The CPRC also found that armed civilians with concealed handgun permits appeared to be more effective, overall, at stopping an active shooting event. Such civilians “stopped 51.5% of the active shootings in non-gun-free zones, [while] police stopped 44.6% of the cases (124 arrested or killed by police, 32 committed suicide when police arrived = 156/350 = 44.57%).” The CPRC offers no explanations for this, but one possible reason may be that the armed civilian is more likely to already be on the scene than the summoned first responders, with a grasp of the danger as it unfolded.
These figures show that concealed handgun permittees at an active shooting incident pose less of a risk to bystanders and responding officers than do the professional law enforcement personnel on the scene and are less likely to be themselves killed or injured.
This confirms, in a different way, the contribution of concealed carry permit holders to general public safety. The CPRC has previously released its annual report on concealed carry permit holders across the United States. One of the consistent findings across the years has been that it is very rare for permit holders to violate the law – as a class, these individuals are even more law-abiding than the police. The report for 2024 observes that “it is impossible to think of any other group in the US that is anywhere near as law-abiding.”
According to the CPRC, there are now over 21 million concealed carry permit holders in the United States. In 16 states, more than ten percent of adults have a carry permit (Indiana has the highest concealed carry rate, at 23.1%). At the same time, the momentum for permitless carry continues, with 29 states currently recognizing the right of those who are legally eligible to possess firearms to carry a concealed handgun for self-protection without the need for a separate government permit.

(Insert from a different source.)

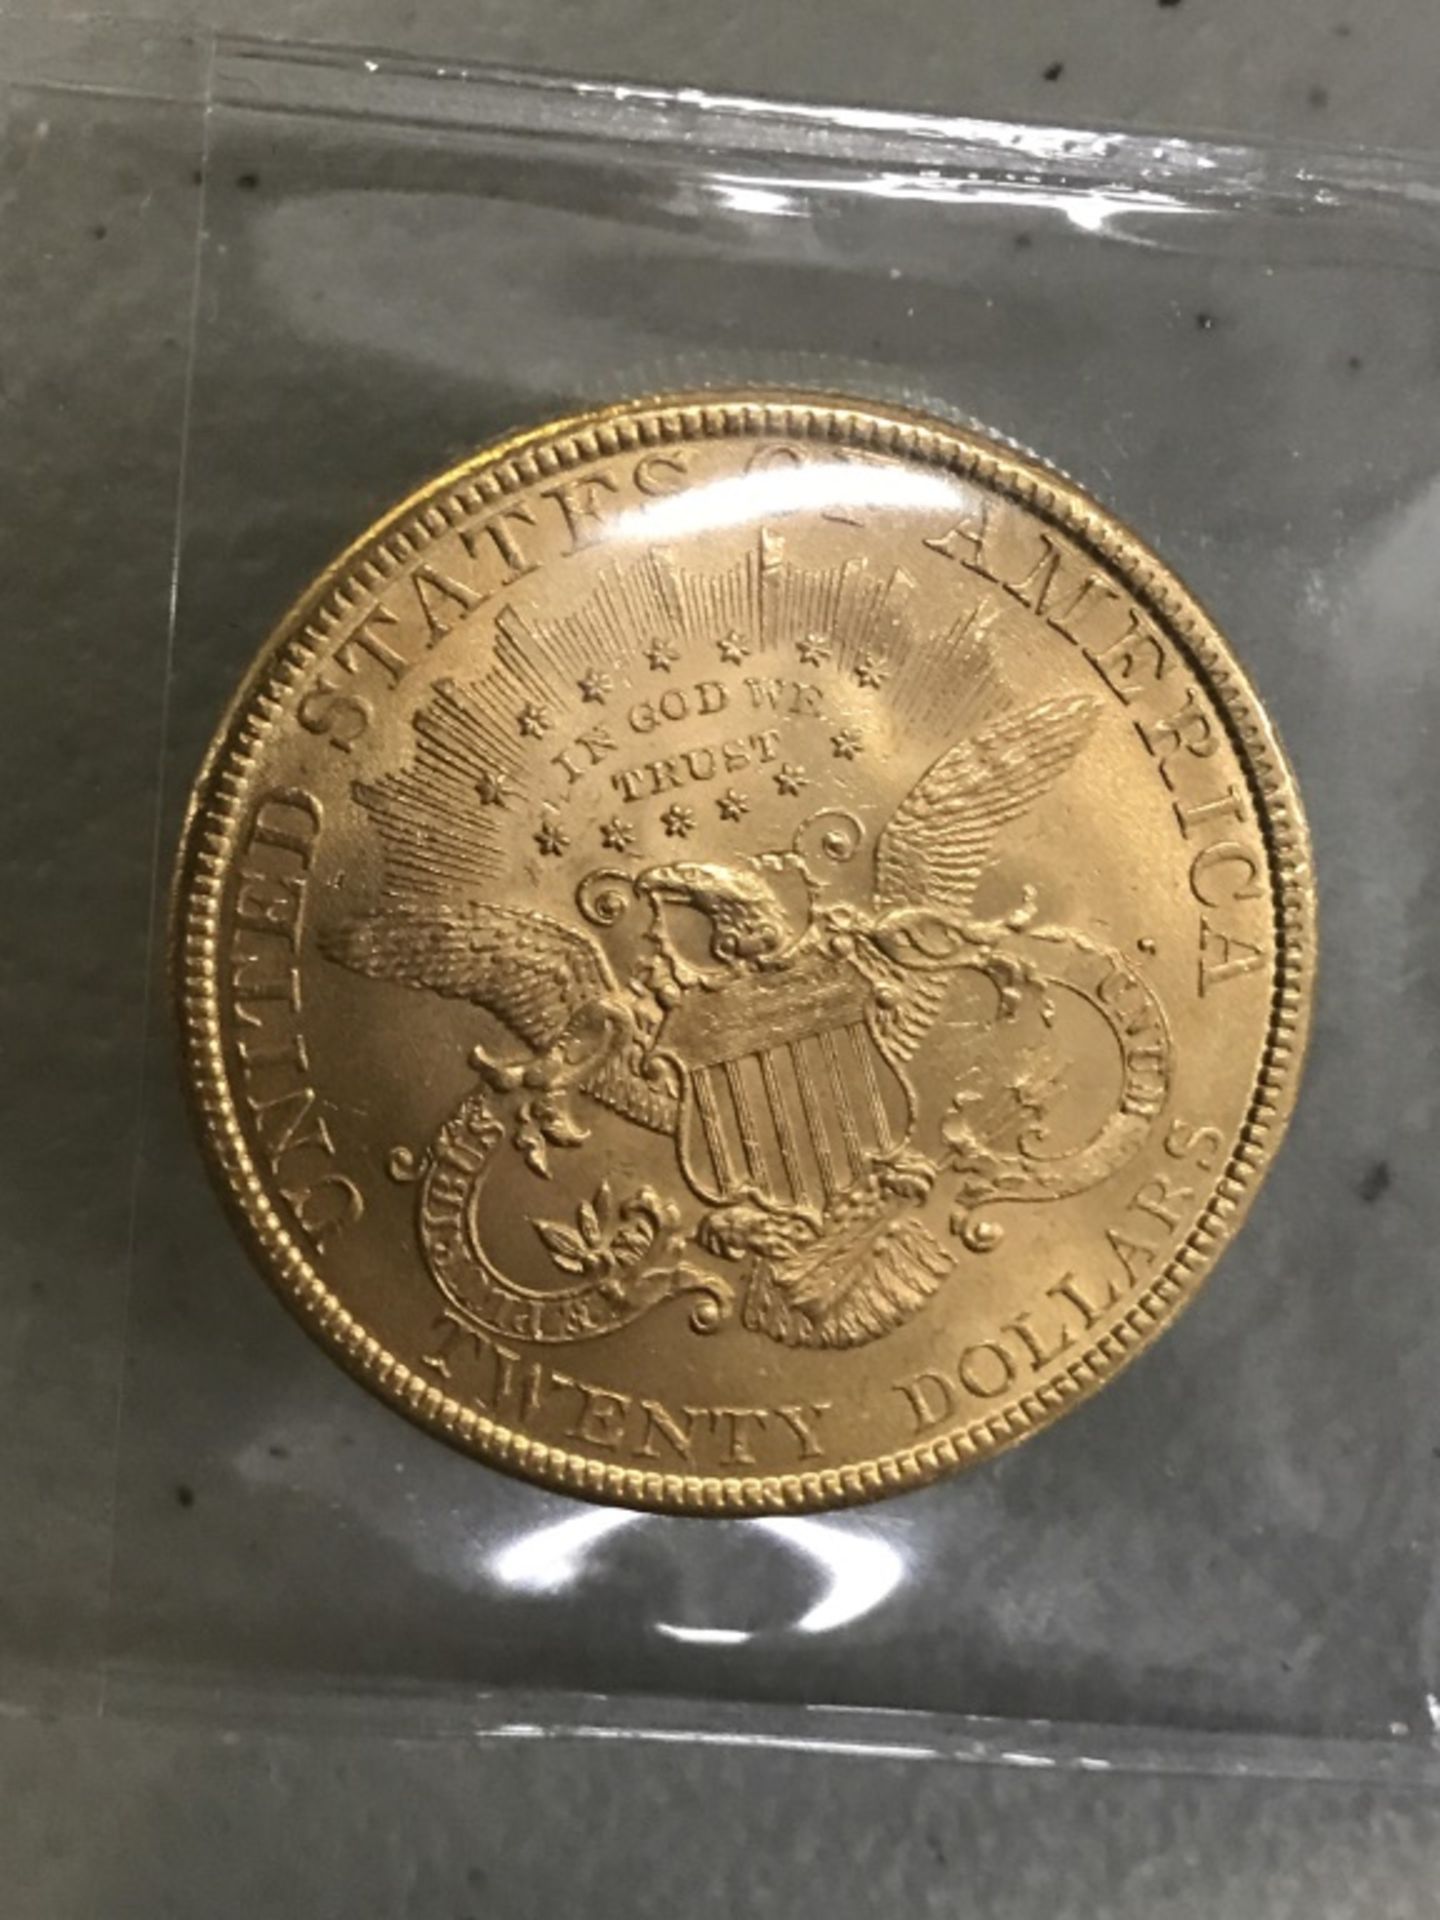 $20 US Gold 1895 Coin - Image 7 of 9

Since 2007, the percentage of adults with carry permits has increased by about threefold. This exponential growth in permits and permitless carry coincides with “a general linear decline in rates of violent crime offenses. Violent crime fell from 4.77 per 10 million people in 2007 to 3.64 per 10 million people in 2023, a 24% drop.” The rise in lawful concealed carrying alone isn’t likely to be responsible, given the complexity of what drives changes in crime rates, but at the very least this shows there’s no “obvious positive relationship between permits and crime.” Additional details and studies are available in the CPRC’s amicus brief filed with the United States Supreme Court in the NYSRPA v. Bruen case.
The brief points out that the “debate surrounding the Second Amendment sometimes includes a simplistic, false dichotomy which can be summarized as: Guns versus safety.” The opposition to national public carry laws frames this as expanded public carry has no public safety benefits and will only intensify violent crime. Citizens, so the rhetoric goes, may have either guns or safety, but not both. If the gun control doomsayers were right about law-abiding citizens carrying in public allegedly fueling “the gun violence epidemic,” Baltimore, where lawful carry was until recently all but impossible, should have been the safest place in America.
Sensible Americans, now as ever, will continue to exercise their Second Amendment rights, secure in the knowledge that should they be faced with dangerous conduct and direct attacks on themselves or others, they will be both ready and able to respond appropriately.